Bij vette huidtypes wordt de talg overvloedig afgescheiden,waardoor de huid gaat glimmen.
Door deze overvloedige talgafscheiding(of talghypersecretie)geraakt de huid bovendien gemakkelijk geirriteerd en is ze dus zeer gevoelig.
De (jonge) probleemhuid is zeer vatbaar voor bacteriele proliferatie en ontstekingen waardoor acné kan ontstaan.
Tegenwoordig bestaan er geschikte dermatologische behandelingen die in combinatie met dermo cosmetische produkten en eenvoudige hygienische voorschriften een oplossing bieden voor een verschijnsel dat niet meer dan een probleem van voorbijgaande aard mad zijn.
*
HOE ONTSTAAN DEZE PROBLEMEN?*

In de adolescentie en de puberteit ondergaat het lichaam wezenlijke veranderingen,die in het bijzonder worden gekenmerkt door de ''activering'' van de voortplantingsklieren en de hormoonproductie die het organisme zullen ''overstelpen''.
Onder invloed van deze hormonen drijven de talgklieren hun talgproductie op.
De overmatige talgafscheiding is een essentiele voorwaarde voor het ontstaan van acné,maar vormt niet de enige oorzaak ervan.
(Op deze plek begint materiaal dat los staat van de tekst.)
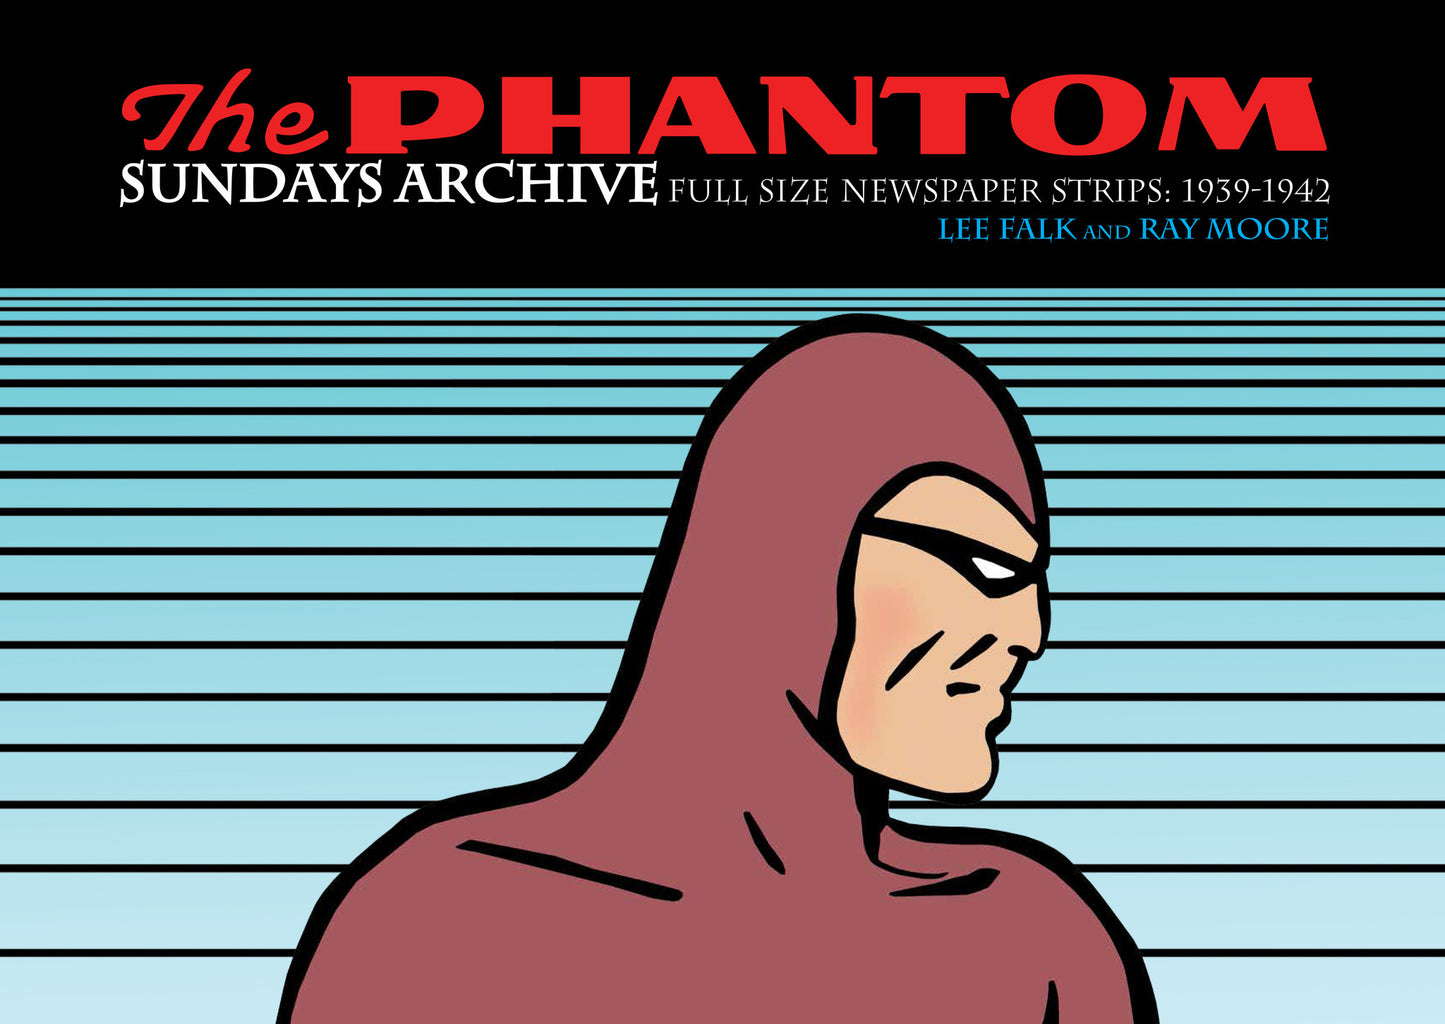 The Phantom Sunday Archive Special SDCC Limited Edition

*WELKE FACTOREN VEROORZAKEN ACNE?*

Acné ontstaat ter hoogte van het haar- en huidsmeerzakje.
Drie factoren zijn ervoor verantwoordelijk:

1. DE TALGHYPERSECRETIE;onder invloed van de hormonen vergroot het volume van de talgklieren,waardoor deze meer talg gaan afscheiden.

2. DE STERKE TOENAME VAN DE VERHOORNING;de cellen gaan zich sneller vermenigvuldigen,worden ingekapseld door de talg en vormen zo een prop die het kanaal van het haar- en huidsmeerzakje verstopt. Er vormt zich een mee-eter,die wit van kleur is in gesloten toestand en zwart na opening.

3. DE BACTERIELE KOLONISATIE;de bacterie Propionibacterium acnes,een 'vertrouwde bewoner' van het haar- en huidsmeerzakje,is verzot op talg. Ze zal zich daar dermate ontwikkelen en vermenigvuldigen dat de vetzuren van de talg worden omgezet in irriterende vetzuren die een ontsteking zullen veroorzaken. De mee-eters worden dan grote rode en gevoelige puisten.

*HOE MOET DE (JONGE) PROBLEEMHUID WORDEN BEHANDELD?*

Neem een aantal eenvoudige hygienische regels in acht en gebruik geschikte en zeer zachte dermocosmetische verzorgingsprodukten.

HET WASSEN:het gezicht en de rest van het lichaam s'morgens en s'avonds wassen. (Jonge) meisjes dienen make-up te verwijderen zonder hierin te overdrijven:hoe harder de huid wordt gereinigd,hoe sneller ze vet zal worden(gebruik geen alcoholhoudende lotions!)

HET SCHEREN:gebruik scheerschuim/gel voor gevoelige huid met anti-bacteriele eigenschappen.

DE LICHAAMSVERZORGING:gebruik een emulsie of een lichte créme die de huid beschermt en mat maakt,en de talgproductie afremt.
Gebruik uitsluitend niet-comedogene verzorgingsprodukten(die de vorming van mee-eters niet bevorderen).

DE ZON :Embarrassment: nder invloed van de zon wordt de hoornlaag dikker,wat de problemen kan verergeren:talg en cellen zullen zich nog dieper in het haar-huidsmeerzakje inkapselen...
Geniet van de zon,maar met mate en gebruik een sunblock.

DE REINIGING VAN DE HUID:knijp nooit zelf puistjes en mee-eters uit.
Een goede huidreiniging is de taak van een dermatoloog of laat de produkten gewoon hun werk doen.

MAKE-UP:gebruik hypoallergene en niet comedogene produkten.
Ga zeker nooit slapen zonder de make-up eerst te verwijderen.

Voor meer informatie;vraag advies aan uw apotheker!
De produkten van Avène verzekeren een zichtbaar en duurzaam resultaat!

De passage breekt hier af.